And then we have Rich Carlson: “Although Sri Aurobindo, the founder of Integral Yoga formally eschewed couching his yoga in religion nevertheless, religious practices crept into the practices of its followers. It is in fact the transference of Hindu religious practices on to Integral Yoga which has facilitated a fascination of some of his followers with the fundamentalist rhetoric of today’s militant Hindu nationalism, Hinduvta.”

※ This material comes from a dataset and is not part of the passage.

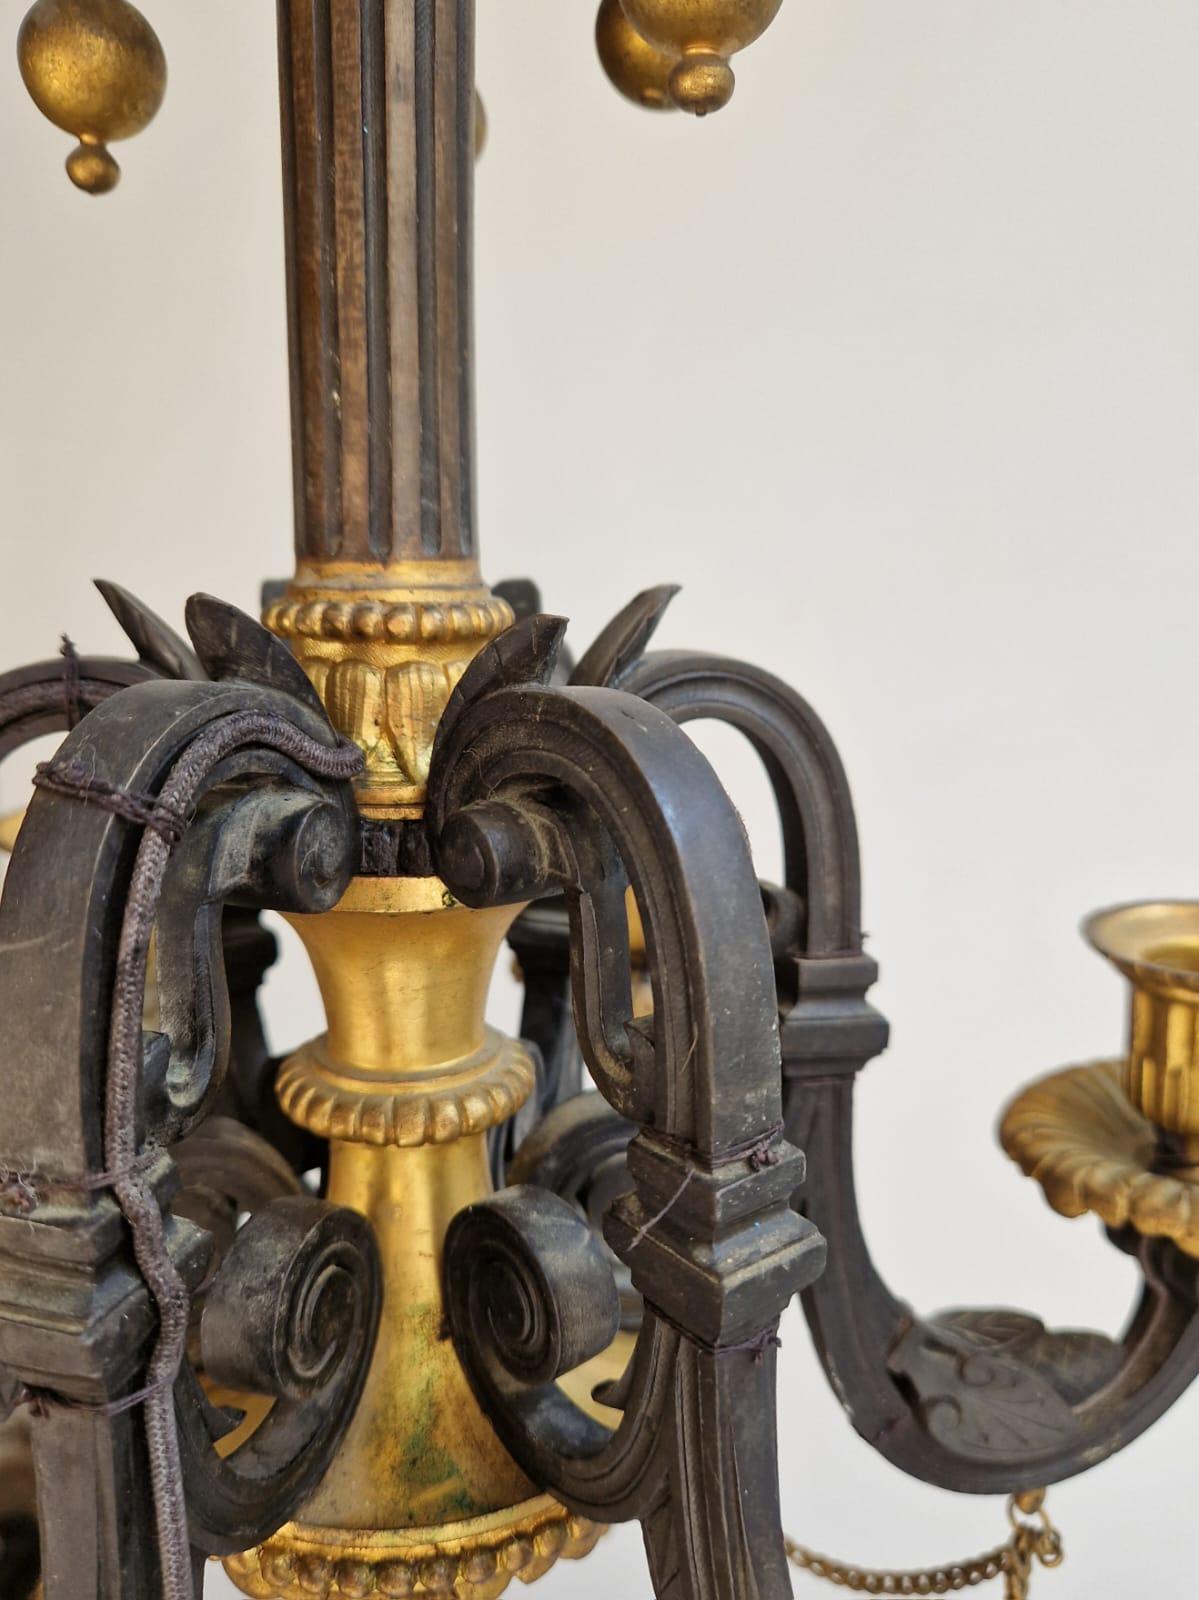 Très beau lustre à 6 appliques en bronze patiné et doré, décoré de feuillages stylisés, de sphères suspendues, de pommes de pin. Vers 1840. En très bon état, notre lustre a été percé pour l'électricité. Ce modèle charmant et très élégant est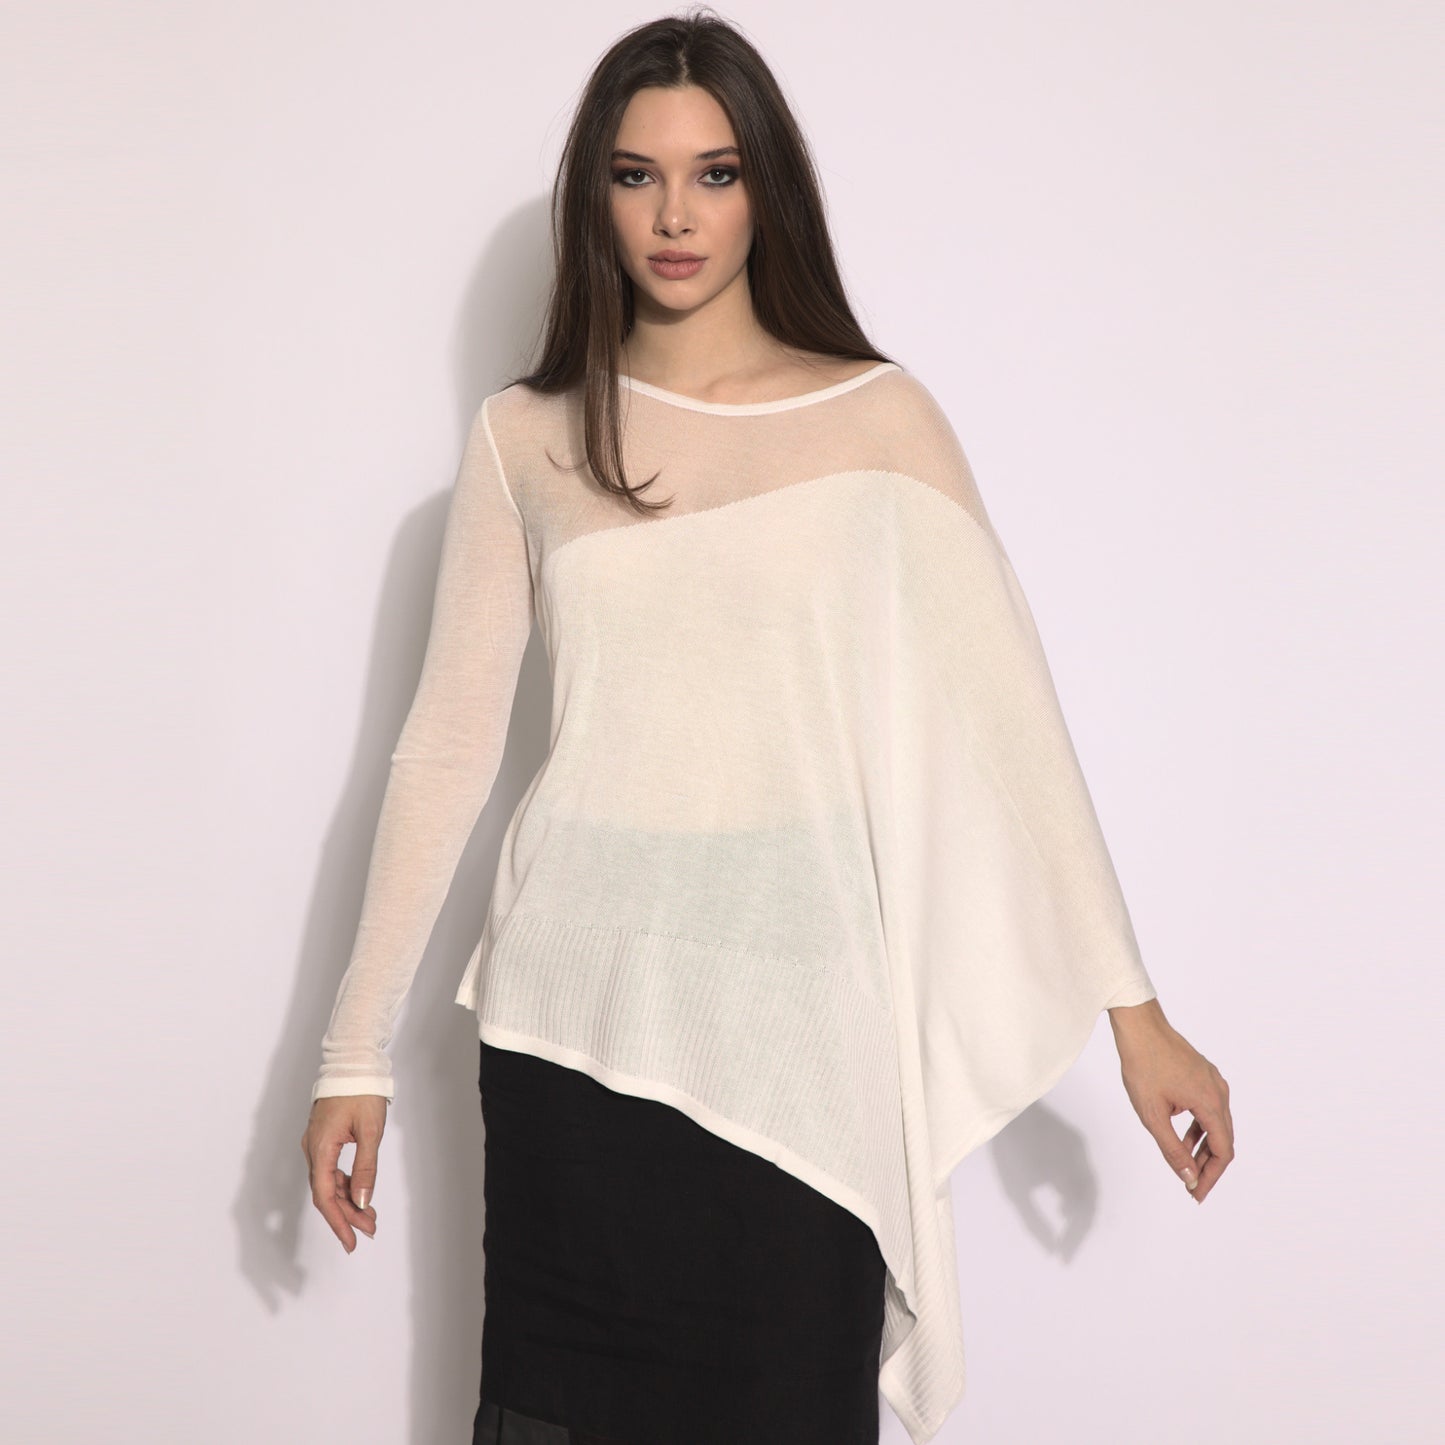 Kaya - Blusa de tricot assimétrica na cor off-white com transparencia

According to Carlson, the earliest evidence of Sri Aurobindo’s fundamentalism can be traced to his compositions during the political days: Hymn to Durga, Bhavani Bharati, Bande Mataram and conducting a periodical under that title, speeches proclaiming Sanatan Dharma which is equivalent to Hindutva, and so on. These were activities to effectively "rouse the masses with a religious frenzy", tells us Carlson. During his Baroda-Calcutta period, Sri Aurobindo “discovered and immersed himself in the text and practices of Hinduism,” says he. And continues: Later, both Sri Aurobindo and the Mother mimicked traditional forms of Hinduism and encouraged worship and deification. Such is the pseudo-rationalist’s approach towards a Yogi’s life and work. This approach of him in effect means that when one’s mind becomes active one should dismiss one’s heart, and vice versa. That is poor psychology.

The entire discussion therefore boils down to the question: Has Sri Aurobindo’s Integral Yoga become a Religion? Perhaps the more basic, more appropriate question is: Can Sri Aurobindo’s Integral Yoga at all become a Religion? This also assumes that we understand precisely what is meant by the word ‘Religion’ in its several ramifications, a thing which has not really been defined anywhere in these grandiose formulations, religion meaning different things to different people. In the absence of any clear and cogent understanding of these matters to talk of religious fundamentalism is to distort things, is to produce and propagate deliberate confusion in the minds of people. It looks that there are destabilising forces or elements active in their suspicious designs. These need be thwarted. That itself is an aspect of open-minded nationalism.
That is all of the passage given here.